I'm using the Python Click library for my command-line interface. I'd like to have a command that takes multiple key value pairs. I'm flexible on the api. For example
my_cli my_command FOO=1 BAR=2
or maybe
my_cli my_command FOO 1 BAR 2
or even
my_cli my_command {"FOO": 1, "BAR": 2}
Is there an easy way to do this with Click?
The simplest solution is basically the same thing you'd do with a regular Python function where you wanted an API like this.
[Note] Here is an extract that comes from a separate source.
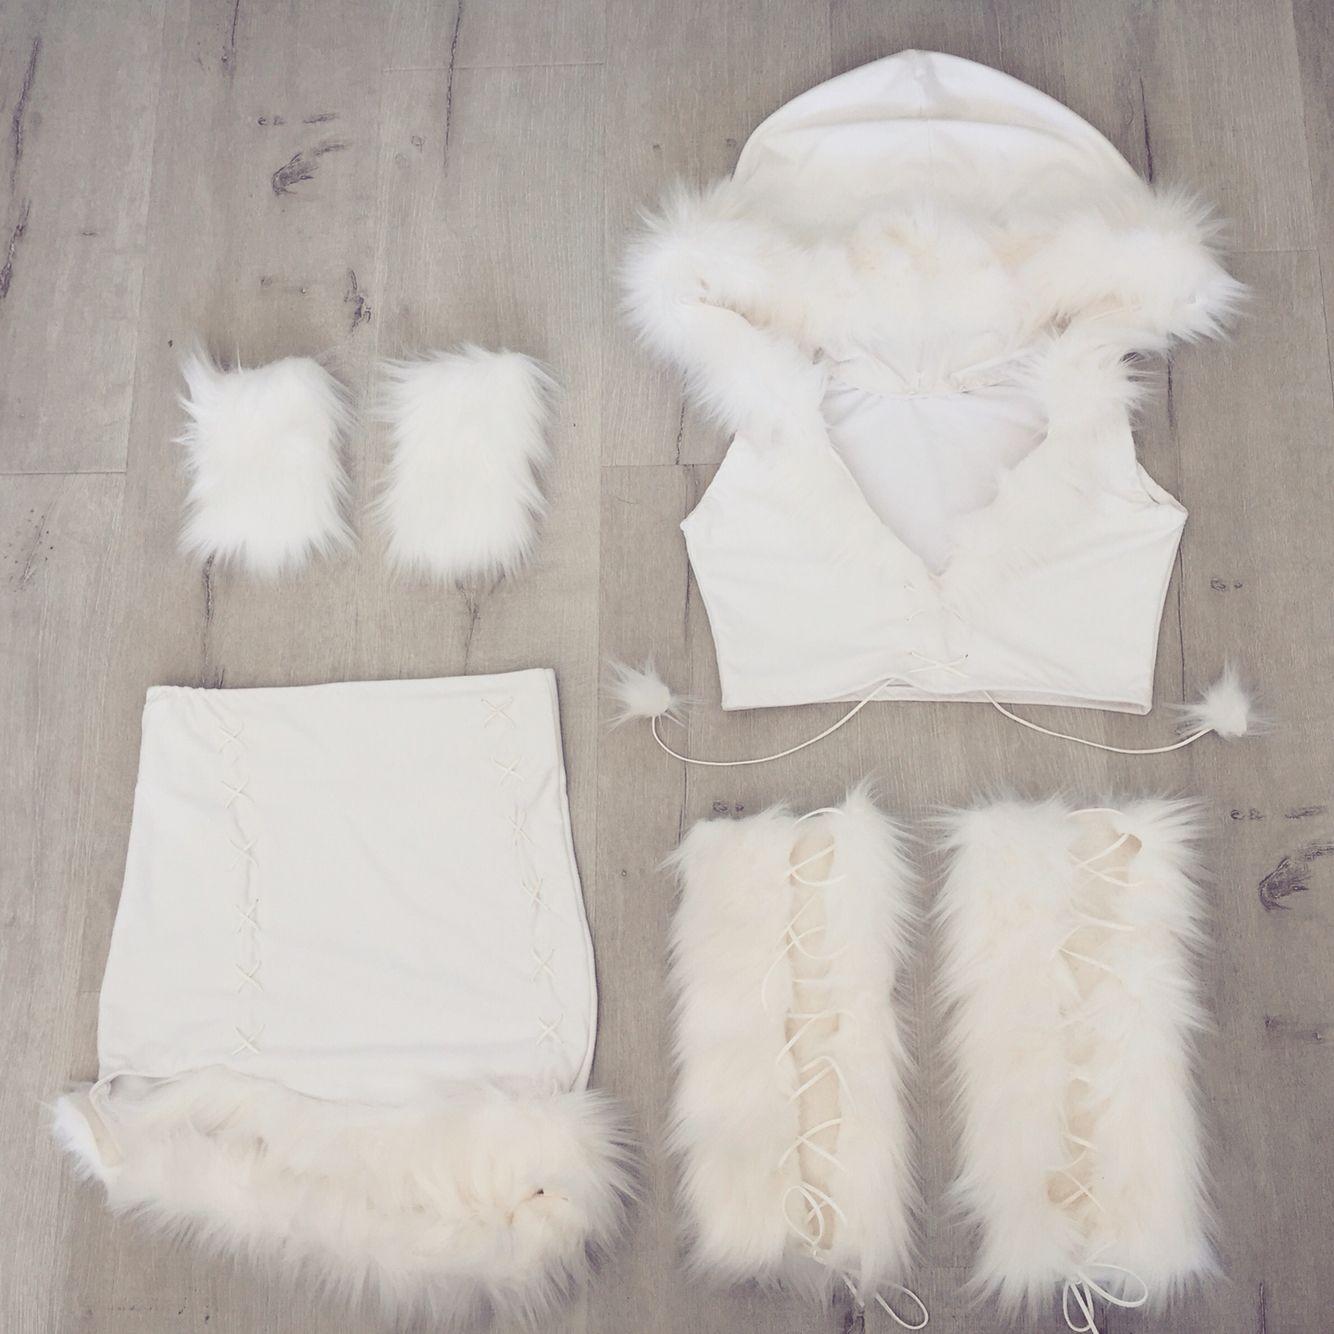 Gmail themes halloween - Eskimo Costume Snow White Princess Kylie Jenner Halloween Costume Handmade Email Nanibikini Gmail Com

Take a single parameter that groups the variable-length stream of arguments into a tuple. Then, what you do depends on whether you want separate arguments:
>>> def func(*args):
... d = dict(zip(args[::2], args[1::2]))
... print(d)
>>> func('FOO', 1, 'BAR', 2)
{'FOO': 1, 'BAR': 2}
… or combined key:value
arguments:
>>> def func(*args):
... d = dict(arg.split(':') for arg in args)
... print(d)
This one is a bit hacky to use, because in Python, arguments aren't just space-separated words, but bear with me on that:
>>> func('FOO:1', 'BAR:2')
{'FOO': 1, 'BAR': 2}
The click
equivalent for the first looks like this:
@click.command()
@click.argument('args', nargs=-1)
def my_command(args):
d = dict(zip(args[::2], args[1::2]))
click.echo(d)
(Obviously you can stick that in a click.group
, etc., just like any other command.)
And now:
$ ./clicky.py FOO 1 BAR 2
{'FOO': 1, 'BAR': 2}
And the second looks like this:
@click.command()
@click.argument('args', nargs=-1)
def my_command(args):
d = dict(arg.split(':') for arg in args)
click.echo(d)
And notice that now, using it is not hacky at all, because to your shell, arguments are just words separated by spaces:
$ ./clicky.py FOO:1 BAR:2
{'FOO': 1, 'BAR': 2}
What if you want to handle both KEY=VALUE
and KEY:VALUE
? Then you just have to write something slightly more complicated than arg.split(':')
. And you'll probably want some better error handling too. But that should be enough to get you started.